- Conference: North Star Athletic Association
- Record: 7–3 (5–2 NSAA)
- Head coach: Dennis McCulloch (25th season);
- Offensive coordinator: Erik Matth (4th season)
- Defensive coordinator: Gregg Horner (25th season)
- Home stadium: Lokken Stadium

= 2019 Valley City State Vikings football team =

American college football season

The 2019 Valley City State Vikings football team represented Valley City State University as a member of the North Star Athletic Association (NSAA) during the 2019 NAIA football season. The Vikings, led by 23rd-year head coach Dennis McCulloch, finished the season with a 7–3 overall record and a 5–2 mark in NSAA play, placing second in the conference.

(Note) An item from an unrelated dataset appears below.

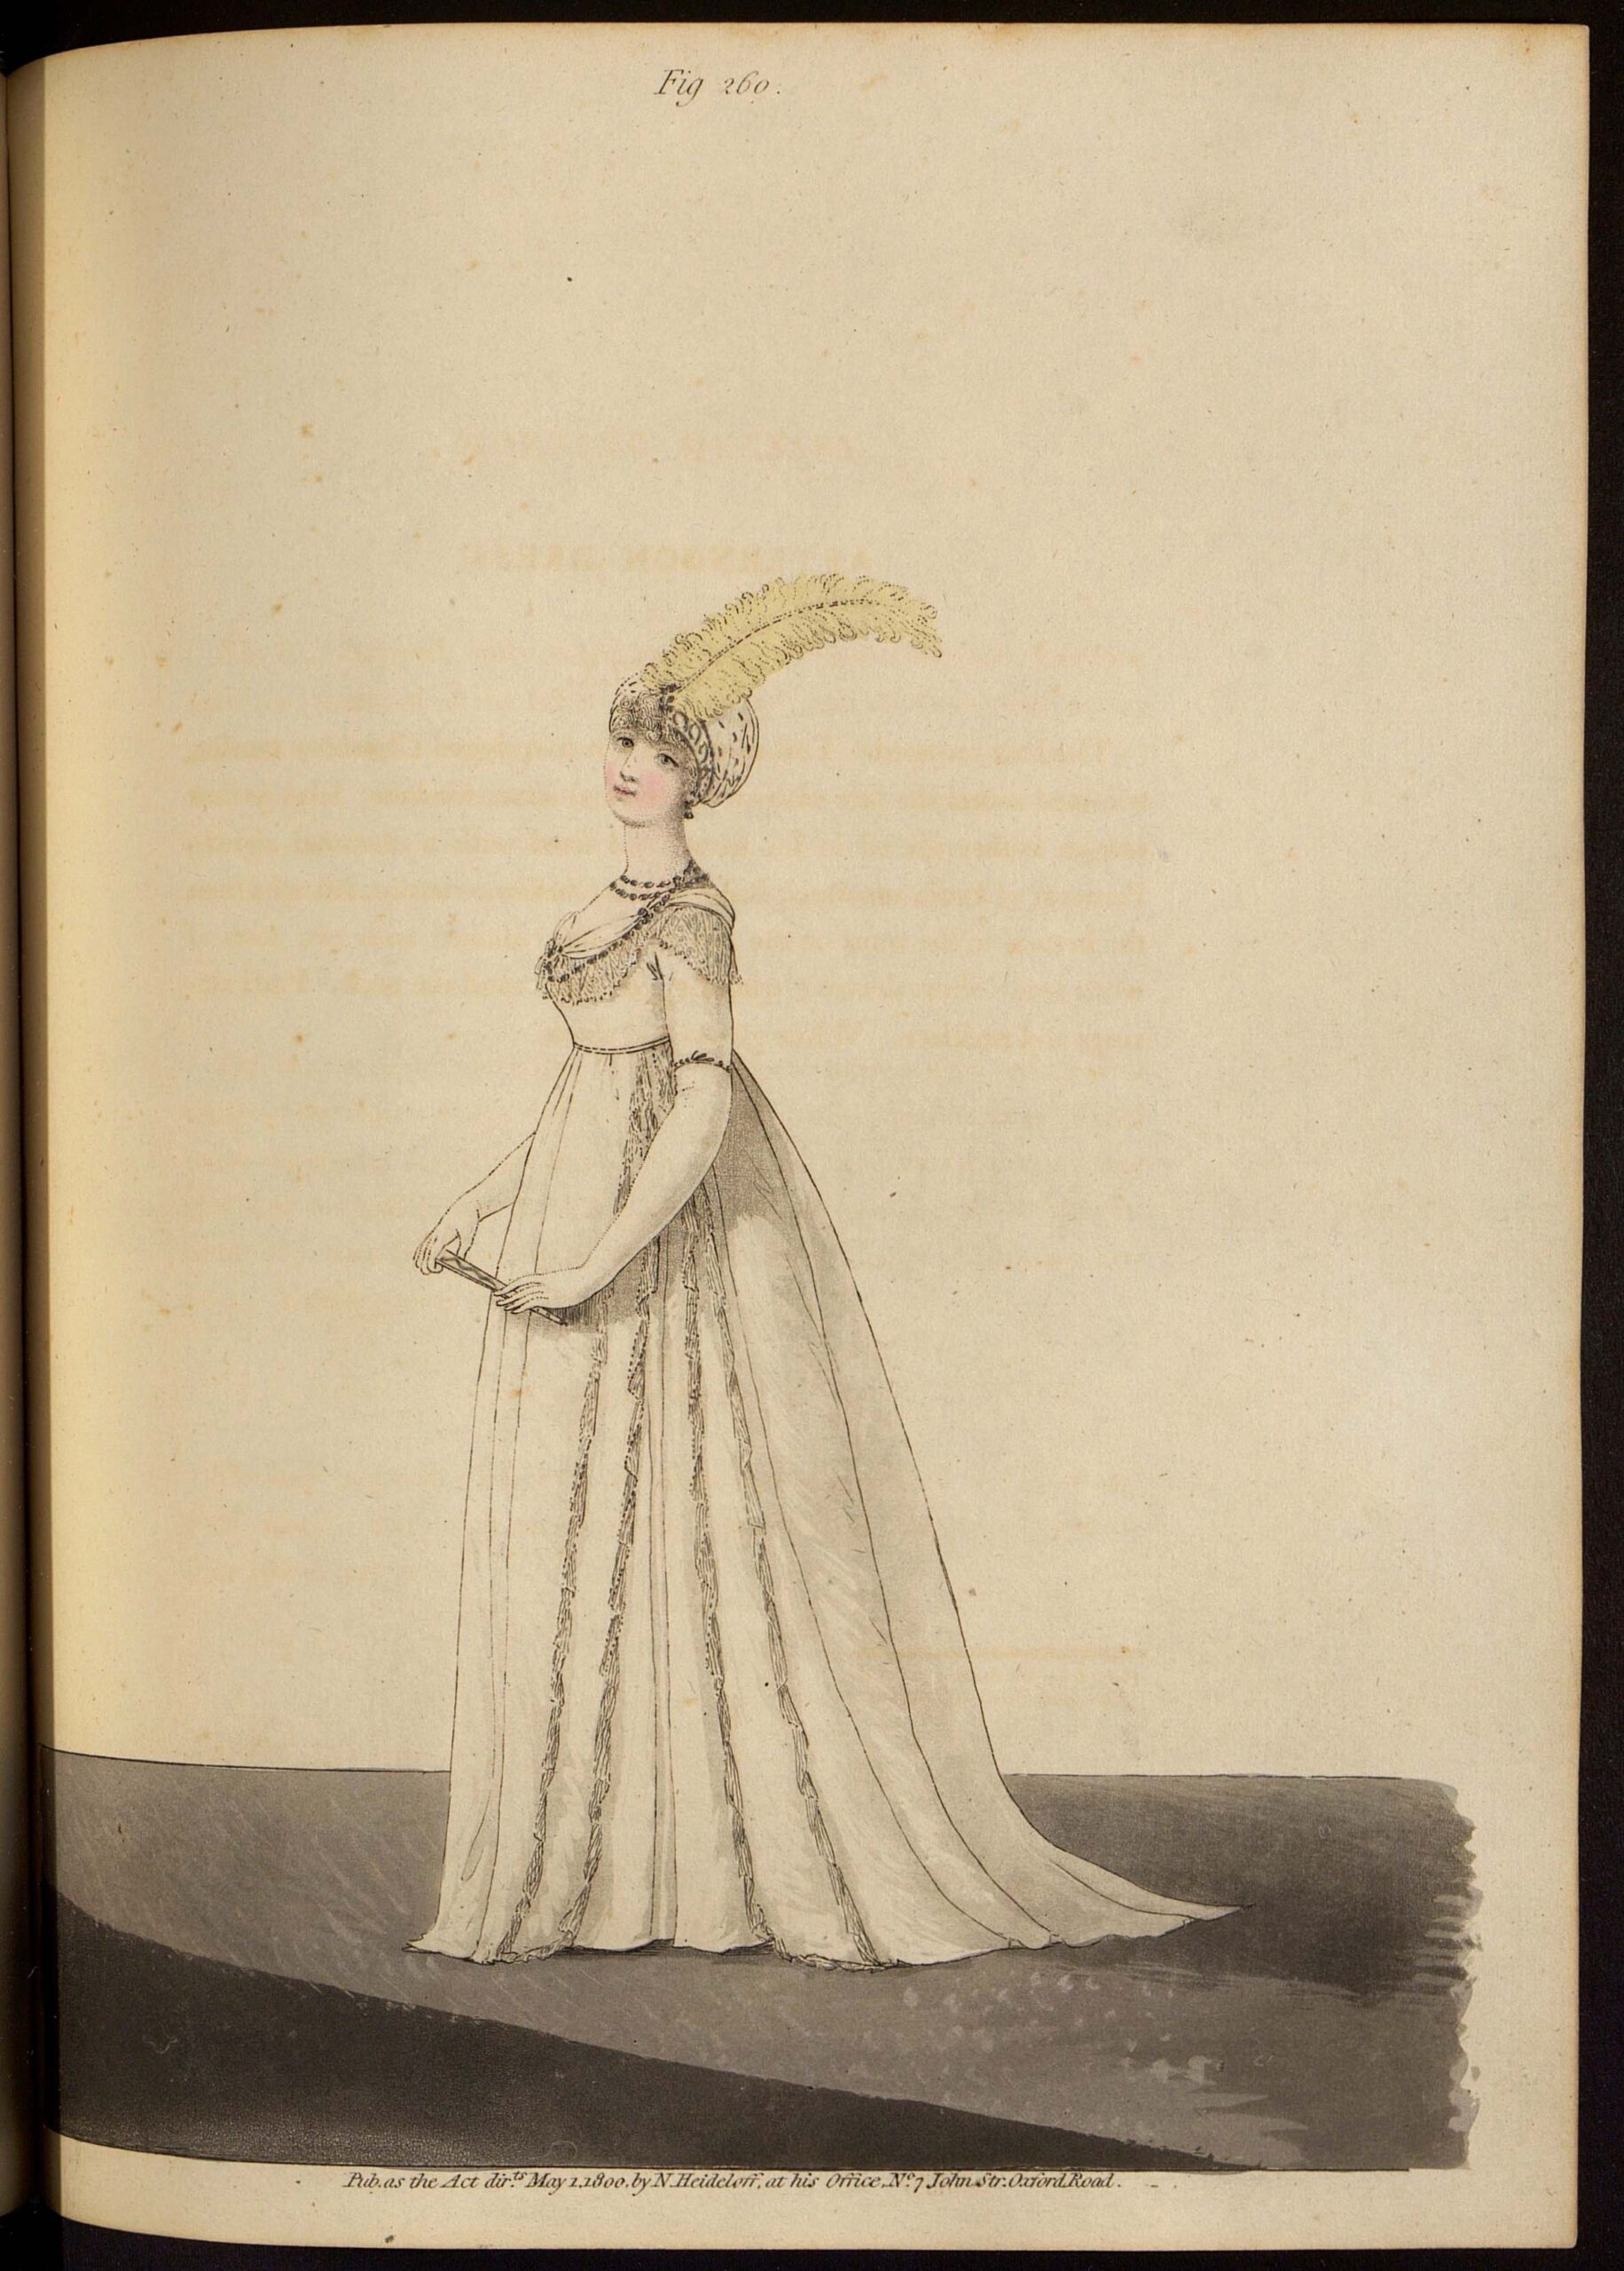 Дневное платье. Лист из журнала «Gallery of fashion»Великобритания, 1800 г.

Valley City State opened the season with a home victory over longtime rival Jamestown and earned key conference wins over Dakota State, Mayville State, and Dickinson State. The Vikings posted four home victories and three road wins throughout the campaign.

Running back Louis Quinones earned NAIA Honorable Mention All-American honors, and eleven Vikings received NSAA All-Conference recognition.

==Offseason==

===Coaching staff changes===

====Departures====

| Name | Position | New team | New position |
|---|---|---|---|
| Jake Crawford | Graduate assistant (Defensive line) | Montana Tech | Defensive line coach |

====Additions====

| Name | Position | Previous team | Previous position |
|---|---|---|---|
| Dustin Yorek | Tight ends / Offensive tackles | Presentation College | Offensive line coach |
| PJ Peterson | Graduate assistant (Defensive line) | Ely High School (MN) | Defensive coordinator |

==Preseason==

===North Star Athletic Association coaches poll===
The North Star Athletic Association released its 2019 football coaches' preseason poll on August 5, 2019. Valley City State was selected to finish second behind defending conference champion Dickinson State, receiving one first-place vote.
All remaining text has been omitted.